Der Fahrer, ein Unternehmenschef, habe sich nur unter Einsatz von Gewalt aus dem Fahrzeug retten können, weil das elektrische Türschloss blockierte, erklärte Anwalt Mark Geragos am Freitag. Der Wagen sei kurz nach dem Anrollen in Pennsylvania zu einem Feuerball geworden. "Das war eine grauenhafte und entsetzlich Erfahrung", sagte Geragos. Tesla nahm dazu nicht unmittelbar Stellung.

Tesla "S Plaid": Startschuss im Juni

Der neueste Luxuswagen des US-Elektroautopioniers wird erst seit Juni ausgeliefert. Der Fall werde jetzt untersucht, erklärte der Anwalt weiter und forderte von Tesla, das Modell vom Markt zu nehmen, bis die Ursachen klar wären.

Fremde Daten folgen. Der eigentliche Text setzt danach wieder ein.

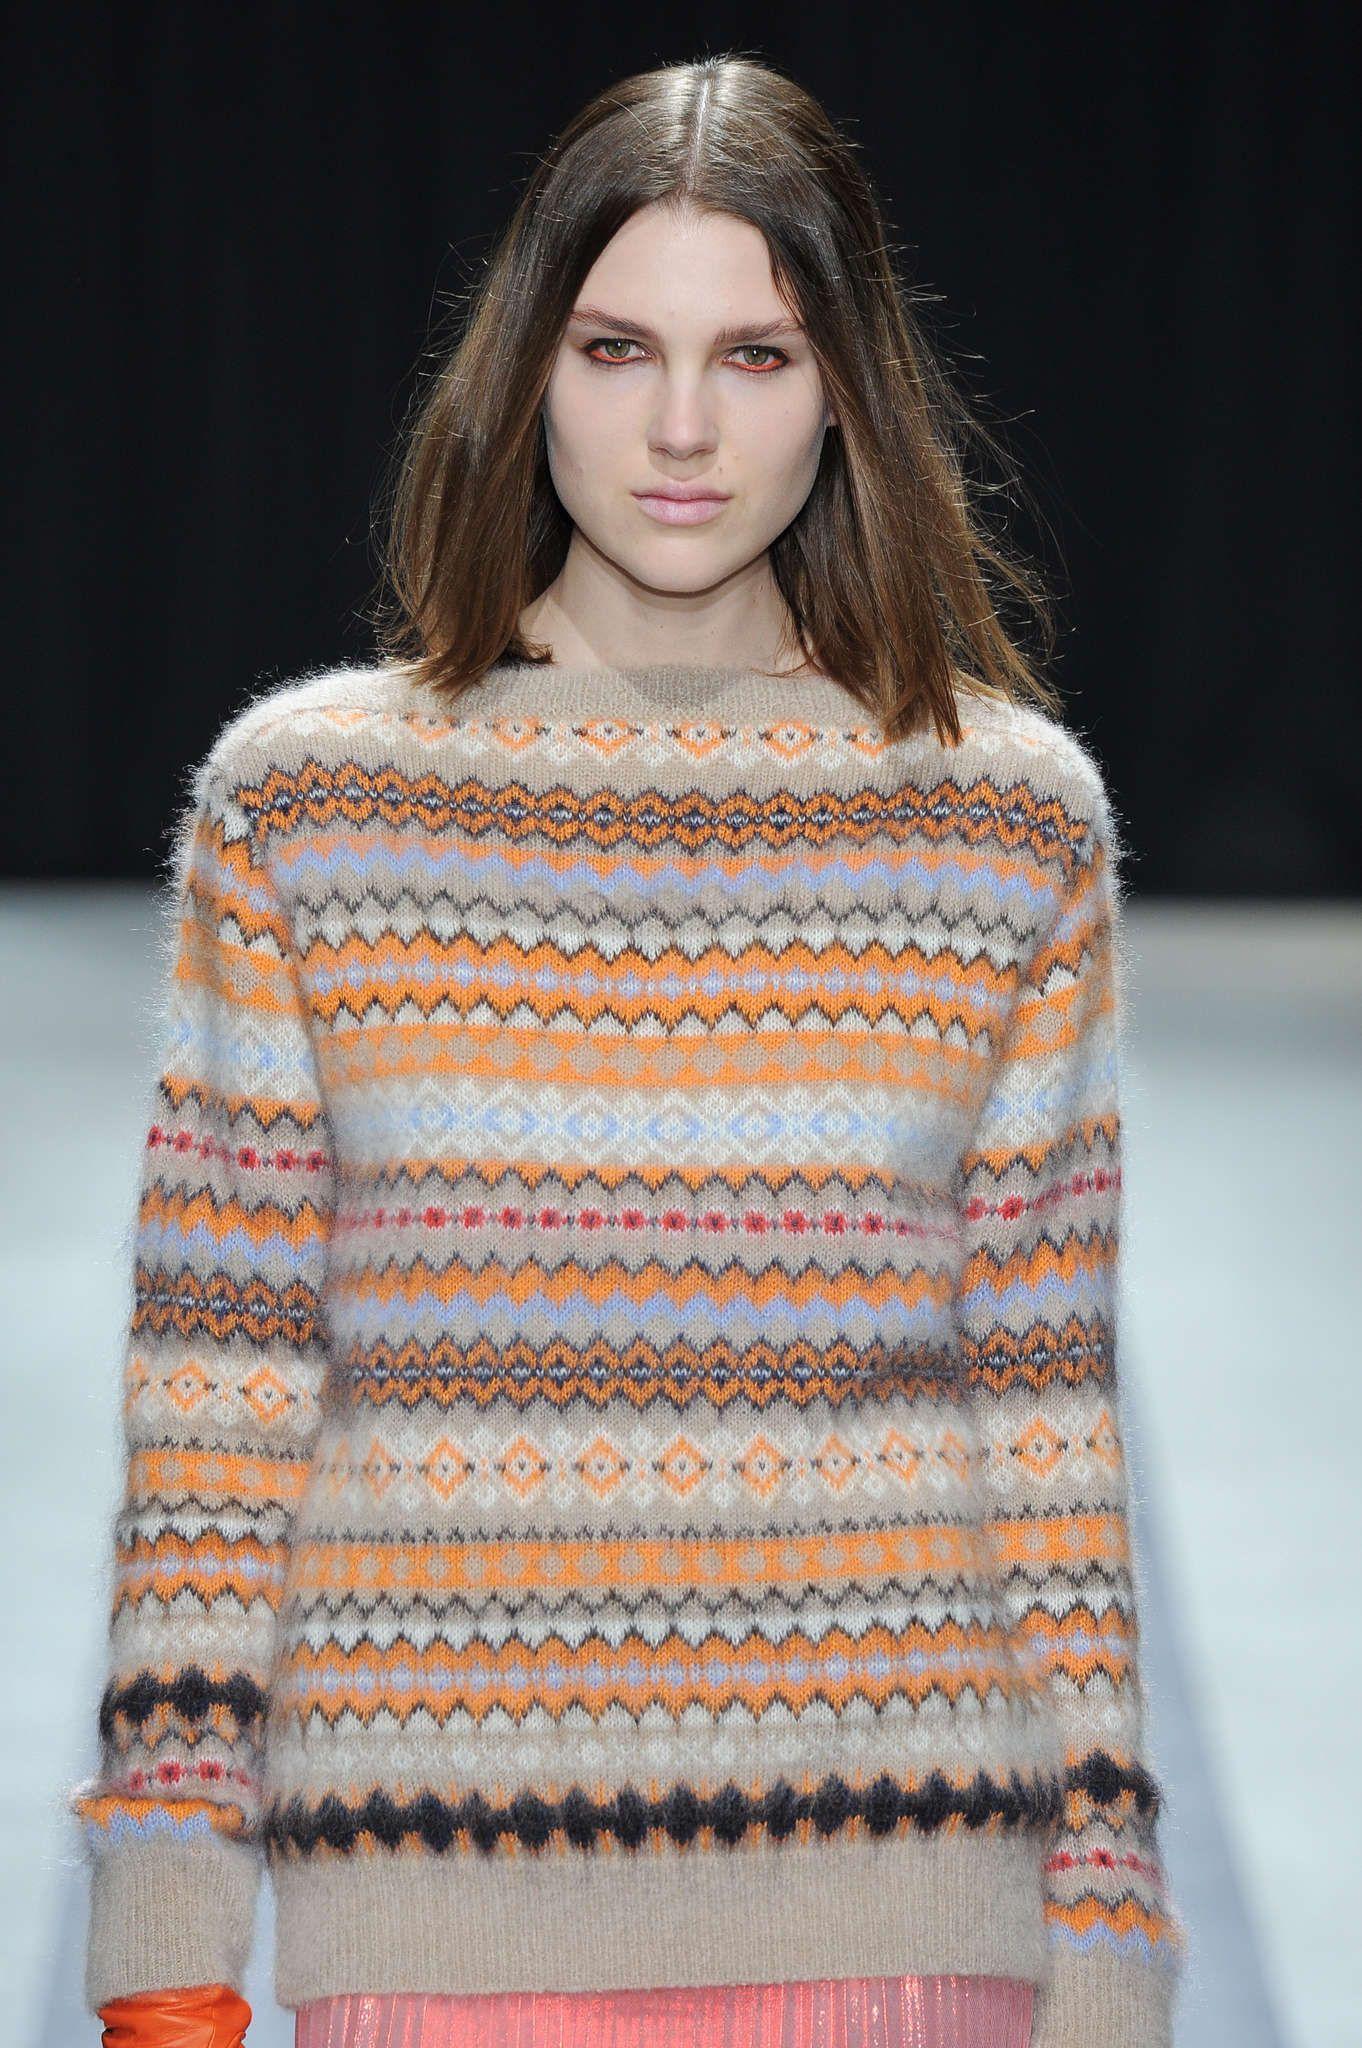 Lovely sweater. Veronique Branquinho

Tesla-Chef Elon Musk hatte das Auto zur Weltpremiere angepriesen mit den Worten, es sei "schneller als jeder Porsche und sicherer als jeder Volvo." Die Entwicklung der Batterie sei wegen Sicherheitsfragen aufwendiger gewesen.

Tesla-Vorfall: Reaktion von Behörde

Die US-Verkehrssicherheitsbehörde NHTSA erklärte, sie werde den Fall untersuchen und eingreifen, wenn die Öffentlichkeit geschützt werden müsse. Die Behörde prüfte schon etliche Unfälle mit Tesla-Modellen aufgrund der automatisierten Fahrfunktion.